NCT number NCT06330961
Other study ID # 2023-MED-2756299
Secondary ID
Status Recruiting
Phase N/A
First received
Last updated
Start date January 8, 2024
Est. completion date February 2025

Study information

Verified date March 2024
Source University of Valencia
Contact Daniel Sánchez-Zuriaga, PhD, MD
Phone +34963983522
Email daniel.sanchez@uv.es
Is FDA regulated No
Health authority
Study type Interventional

Clinical Trial Summary

Low back pain is considered one of the great global challenges in public health due to its high prevalence. Exercise have been shown to cause an increase in pain thresholds, through the effect known as exercise-induced hypoalgesia. Little is known about exercise-induced hypoalgesia induced by different modalities of exercise in low back pain, and its possible effects in lumbopelvic biomechanics. The goal of this clinical trial is to compare the effect of exercise-induced hypoalgesia after an isometric, aerobic and a sham/ placebo exercise in non-specific low back pain.

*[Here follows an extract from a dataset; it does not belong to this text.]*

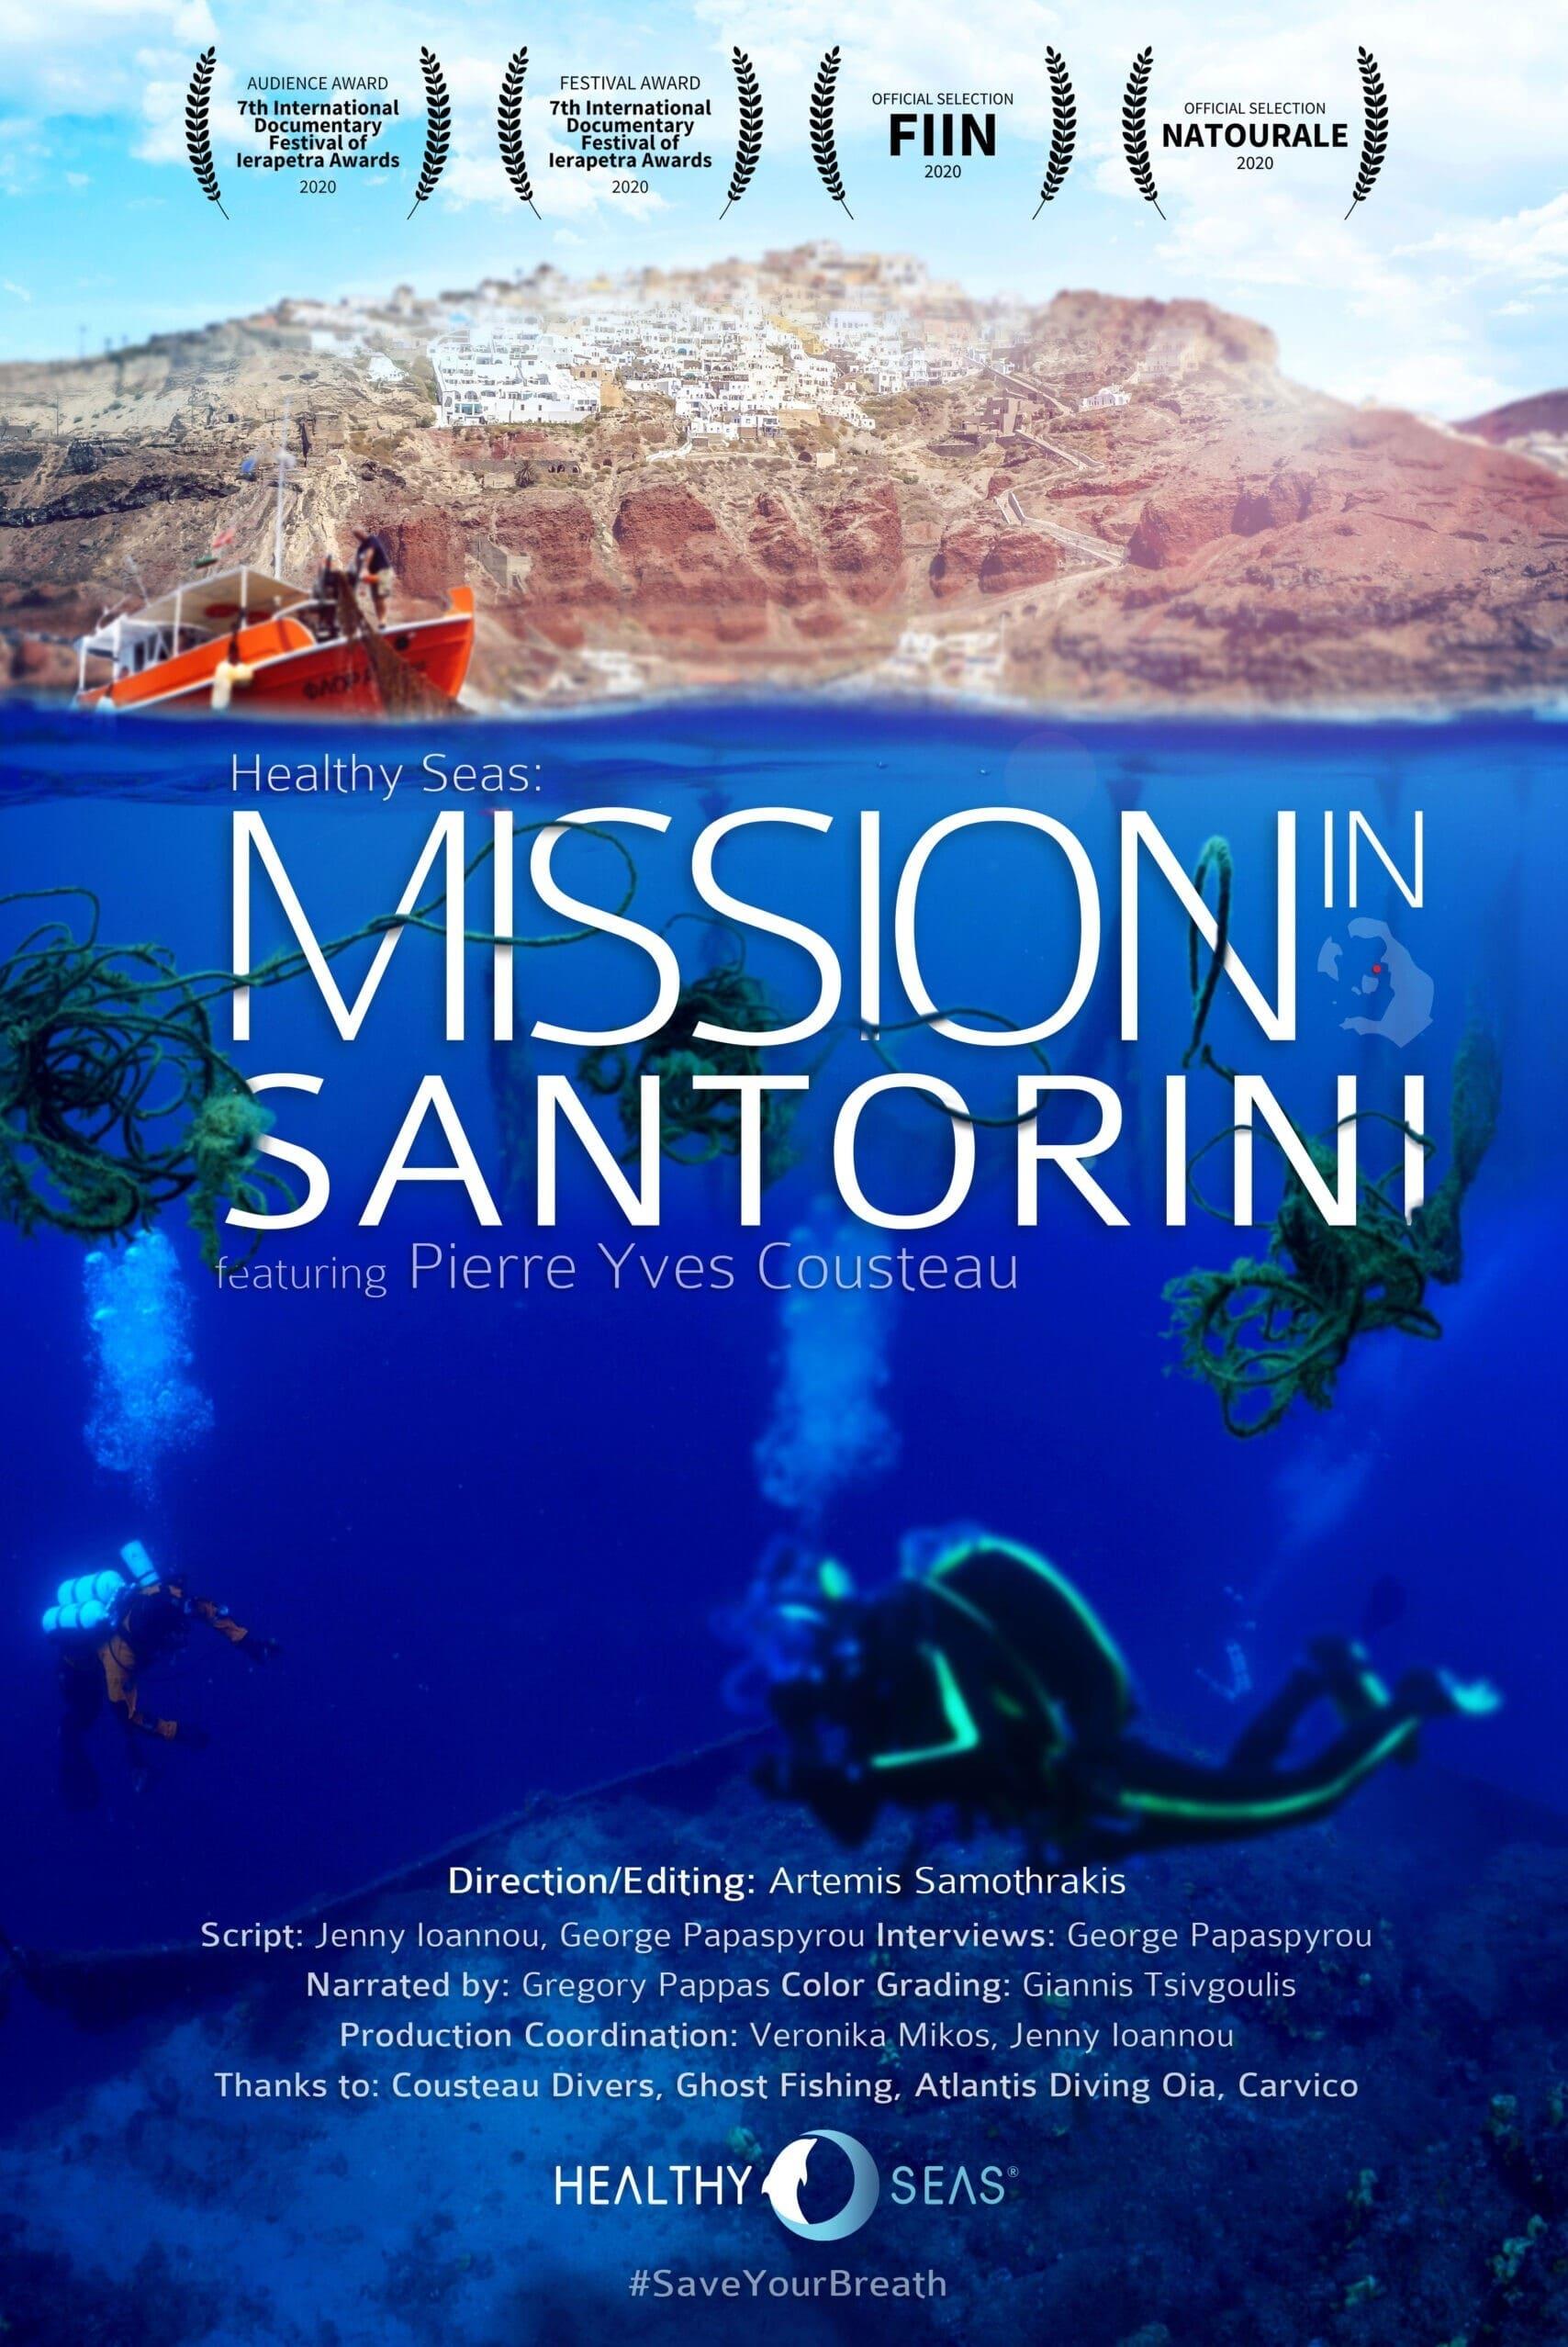 Health Seas: Mission to Santorini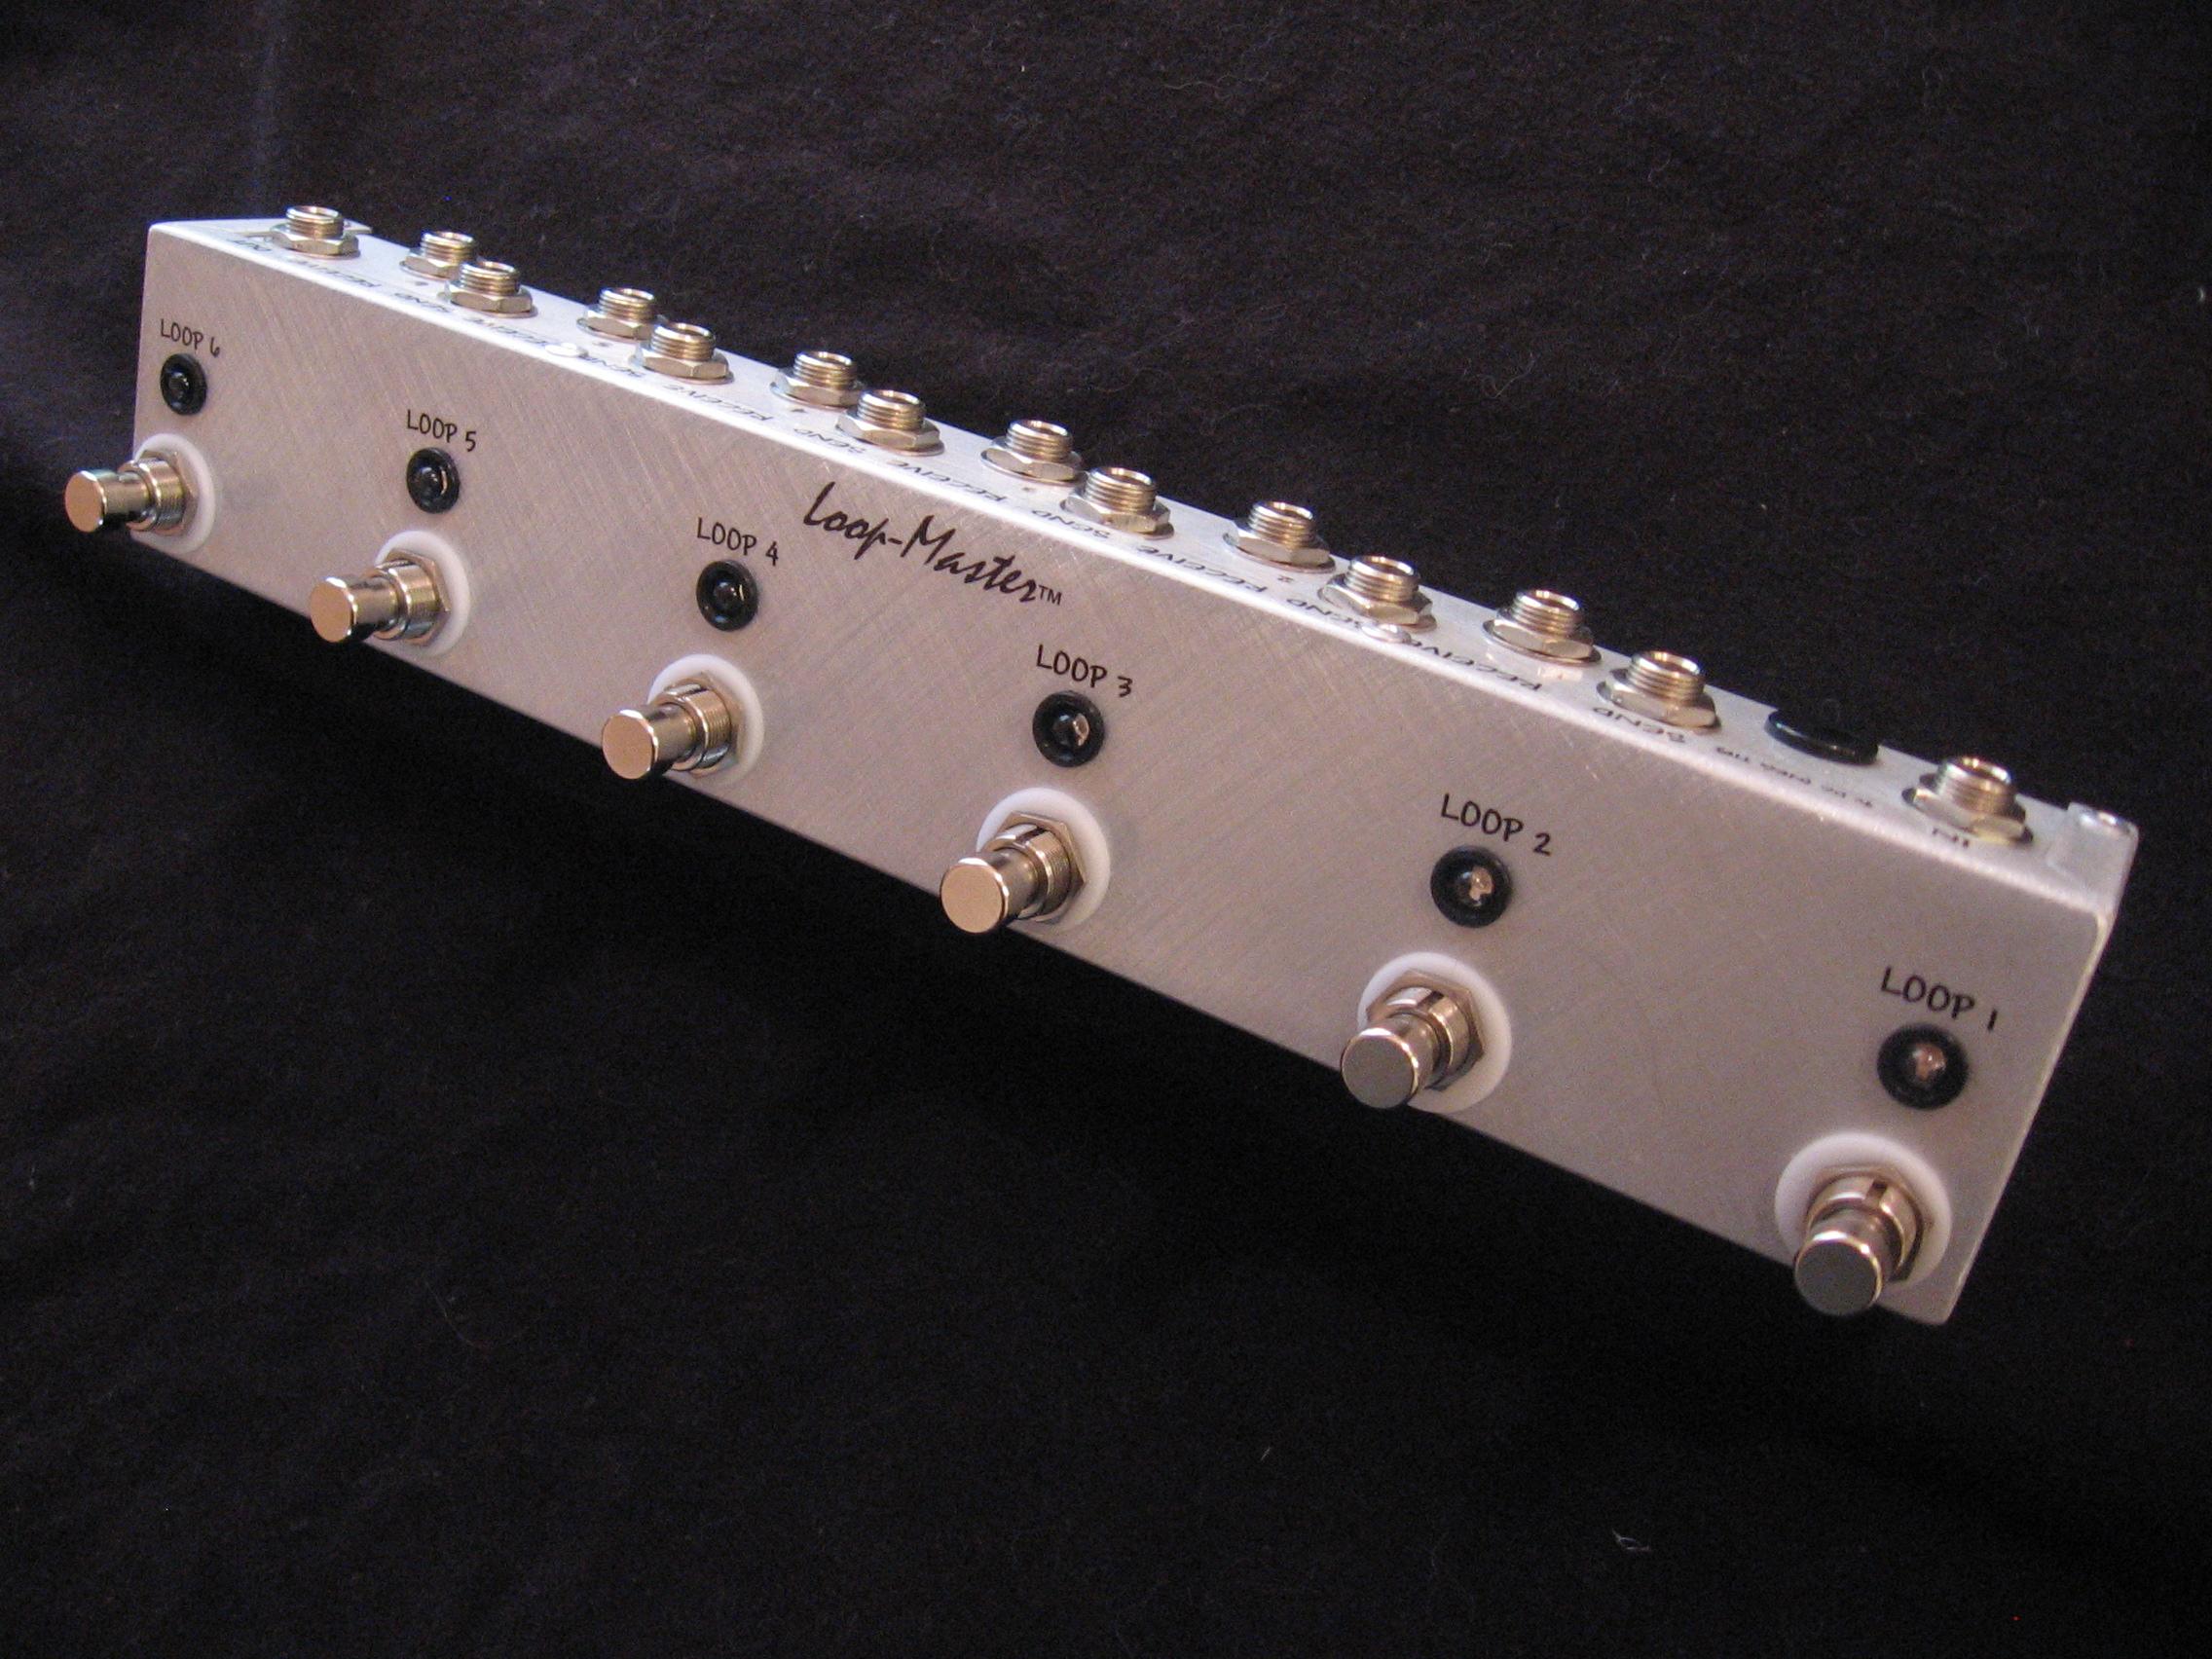 loop pedal switchers 6 looper loop master pedals. Black Bedroom Furniture Sets. Home Design Ideas

The main questions it aims to answer are: - Does an isometric exercise intervention cause exercise-induced hypoalgesia in non-specific low back pain patients? - Is the effect of an isometric exercise intervention comparable to that of aerobic exercise? - Is a placebo/ sham intervention also effective to reduce pain thresholds in these patients? - Do healthy subjects show the same effects in pain thresholds as low back pain patients ? Participants will perform an isometric, aerobic and placebo/ sham exercise intervention in three different recording sessions. Before and after the interventions, pain intensity, pain-pressure thresholds and lumbopelvic biomechanical parameters during trunk flexion-extension will be recorded. Researchers will compare a group of low back pain patients to an age-, gender- and anthropometrics-matched control group of pain-free subjects to see if exercise-induced hypoalgesia is also observed when there is no low back pain diagnosis.


Description:

Exercise causes an immediate reduction in pain sensitivity, known as exercise-induced hypoalgesia. This phenomenon is described as the immediate and lasting reduction of pain sensitivity after therapeutic exercise. This effect has been observed after isometric muscle contractions and aerobic exercises in healthy subjects. The hypoalgesic response is often shown as an increase in pain-pressure thresholds in regions close to the most active muscle groups during exercise, and also in regions further away, which probably reflects the activation of systemic endogenous pain inhibitory systems. This effect has also been studied in patients with chronic pain. Although there is previous work that has shown that aerobic exercise and isometric exercise can cause exercise-induced hypoalgesia, there is no evidence on exercise-induced hypoalgesia caused by isometric maneuvers in patients with low back pain. There is also a lack of placebo-controlled studies, or even studies comparing the analgesic effect of isometric and aerobic exercise in this population. Therefore, the aim of this study will be to investigate, in a placebo-controlled intervention, whether various exercise modalities (isometric, aerobic) that involve activation of the lumbopelvic muscles result in local hypoalgesia in the area of the most active muscles, and/or hypoalgesia in more distant areas of the body, in subjects with low back pain and a group of healthy subjects which will serve as a control group.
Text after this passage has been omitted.